“你们懂什么,我们大海懂事听话,养比生更重要。他就认我,就喜欢待在小镇上,因为他的姐姐和爸妈都在这。”
“切。”
“你们不信?那你等会儿看看他来接谁。”红中手握在身后,背对着南池他们,希冀地看着门口。
心底有股恶心的冲动,眼睛陷在黑暗里,南池有些飘飘忽忽,她抠着指甲,不太敢看周学兵的眼睛。
“你为什么来小和镇?”她听自己冷淡的声音,脱口而出。
周学兵看了她一眼,也许是被红中刺激到,握紧了拳头,他想说话。
“来看绿樨。”
声音很轻,但还是被那两个年轻人听到,冷哂。
“下大雪嘛,他说家里的养鸡场塌了,让我来帮忙。”
“红中,就你家养了两三百只鸡的养鸡场塌了,也好意思让人来,还真是脸都不要了。哈哈哈哈哈哈。”年轻人插科打趣。

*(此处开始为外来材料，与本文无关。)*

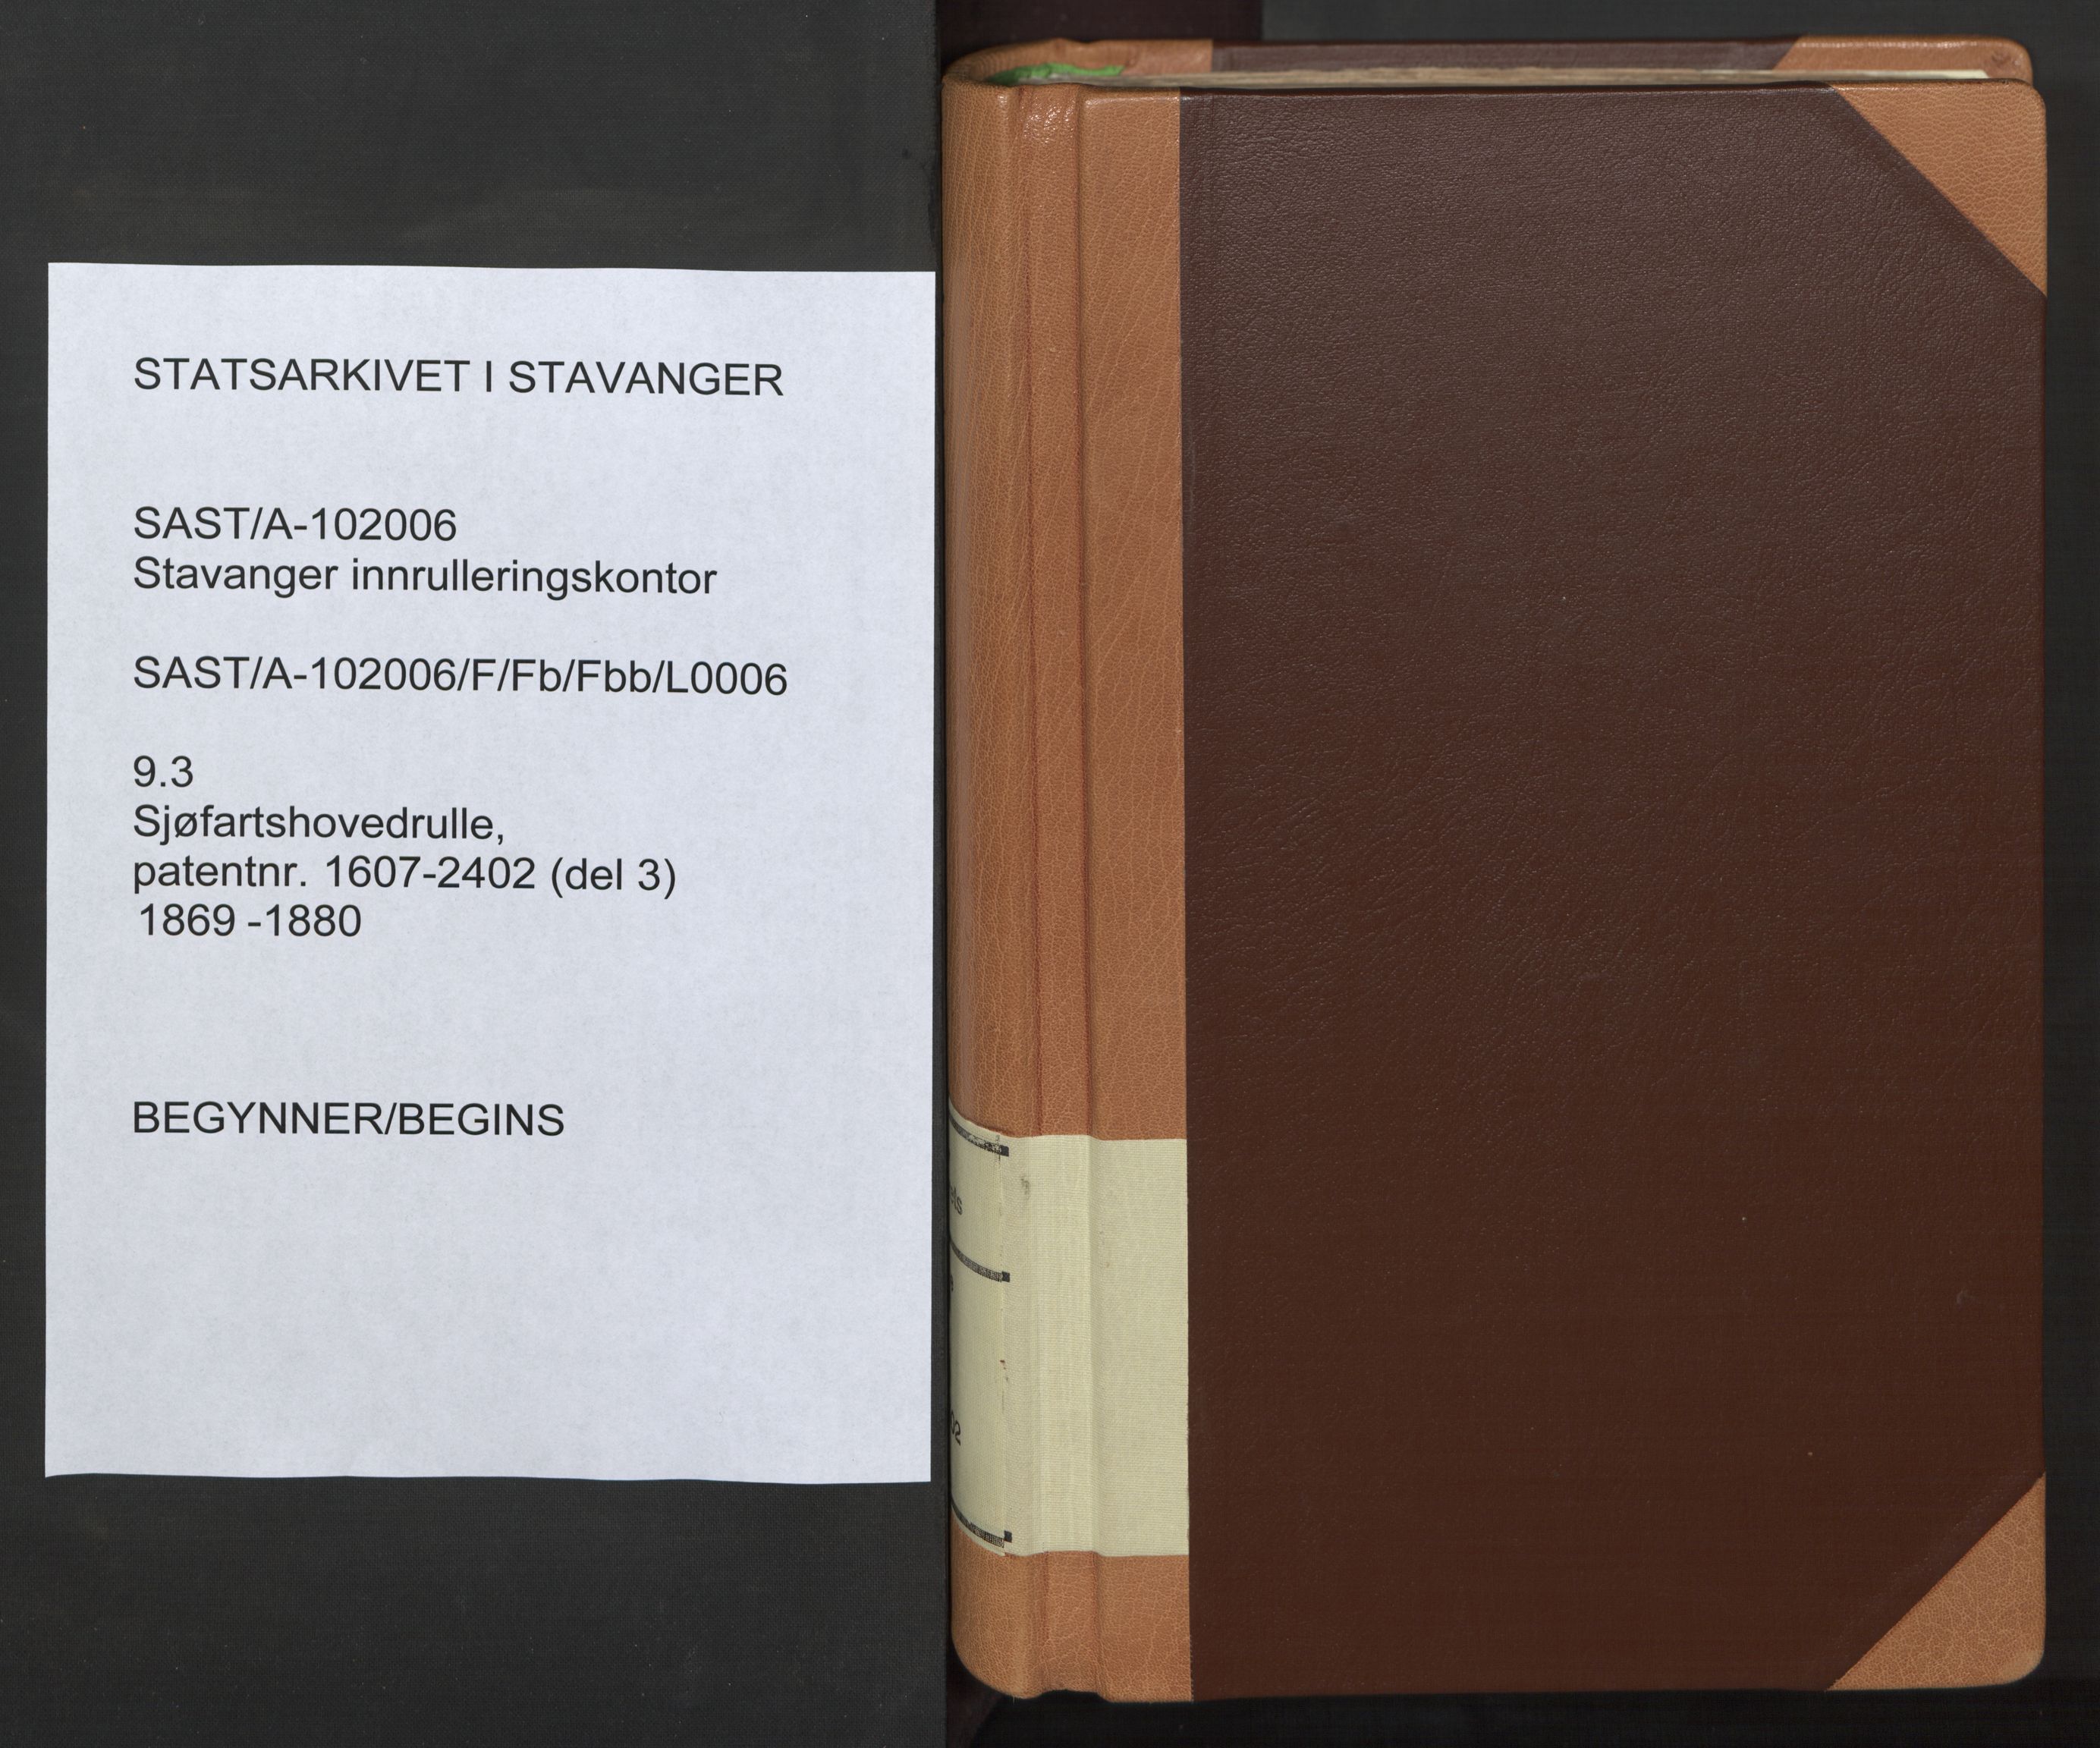 Stavanger sjømannskontor, SAST/A-102006/F/Fb/Fbb/L0006: Sjøfartshovedrulle, patentnr. 1607-2402 (del 3), 1869-1880, s. 1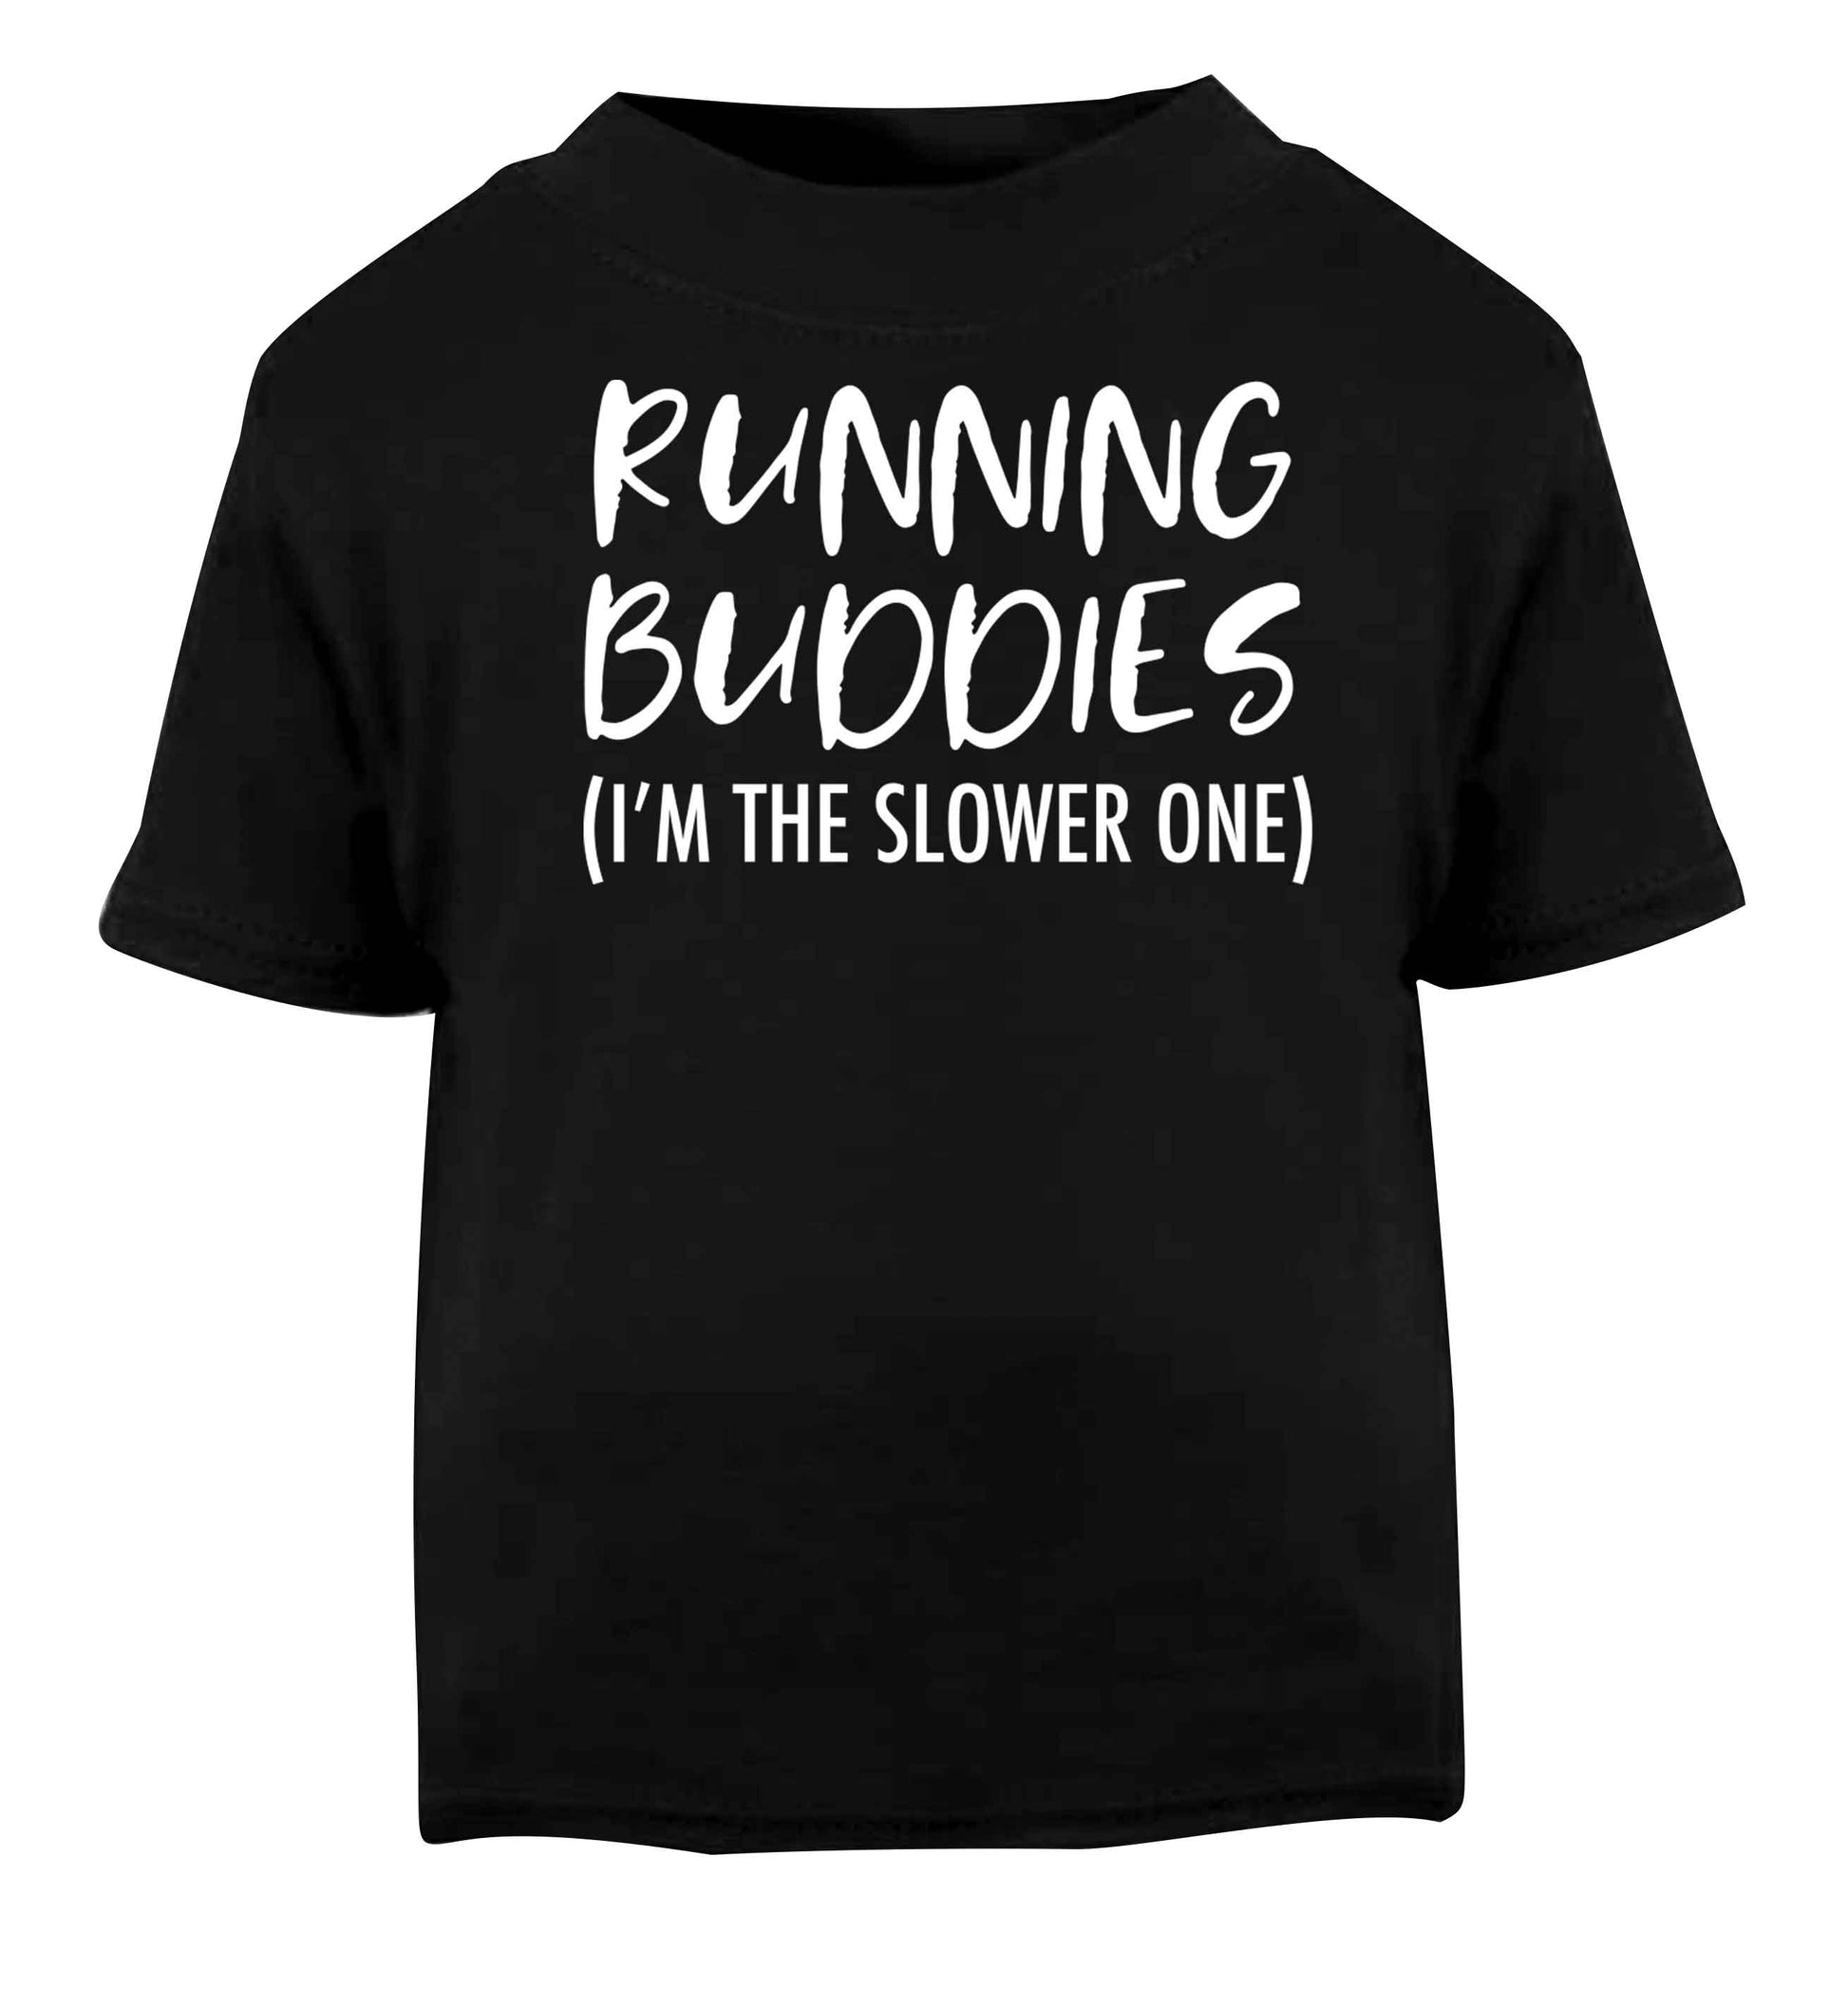 Running buddies (I'm the slower one) Black baby toddler Tshirt 2 years

嘹亮的笑声是死寂屋子里唯一的声音,小警察让他们声音轻点。
“好好好,阿sir,听你的。”
“......然后雪灾,就回不去了。”周学兵沉默了半晌继续说。
南池扣着大拇指上的死皮,大拇指轻轻拂过去,有个刚冒头的倒刺,她不舒服,偏要把它撕掉。
“所以你都没有接我们电话。”忽然岔开话题,让南池稍微轻松点。
“你看到了么?”
周学兵点点头,“我很抱歉,那时候太忙。”
眼睛发酸,他揉了一下,食指腹捻出薄薄一层泪,“如果你们还要采访,等我回H市一定配合,如果我妻子......”
话说到一半,破旧的拘留所闯进一个年轻男人,穿着超级紧身的牛仔裤,踩着看不出原本颜色的棉拖鞋,身上套了件很厚的夹克衫。
看着很年轻,但很社会气,冲着红中喊,“爸,我们可以回去了。”
“大海,你终于来了。”红中欣慰地笑。
“爸,你等会儿,我把文件什么的给这位小哥。”
警察小哥检查了所有文件后,就让他把人带走,并且警告最近几天只能待在小和镇,别的地方都不能去。
“诶诶,好,我你还不放心嘛。”苏大海从耳朵上抽下跟烟要递给他,“来一根?”
“去去去,在上班呢。”
“行行行,改天再孝敬您。”
苏大海要领着红中走,周学兵这才从角落里冒出爱,像块破布似地往前蹭,南池死死坐在登上,浑身发麻,总觉自己不应该是在台上,而是台下的看客。
“绿樨,绿樨。”周学兵喊他。
苏大海似乎这才想起来还有个人,他的脸皱成一团,像是年轻版的周学兵,“小爸,你看我这记性,真是对不住,我本来啊,也是想把你和我爸一起接走的,但我一下子凑不出这么多钱啊,我爸的保释金还是我姐和我姐夫出的。”
他一脸为难。
“绿樨。”周学兵又喊了一声。
周大海知道其他人都盯着他看呢,简直如芒刺背,“小爸,你就别绿樨绿樨的喊了,我和你说多少遍了,农村人讲究吉利,名字中带个绿,多晦气啊,大海,大海这个名字就很好记。”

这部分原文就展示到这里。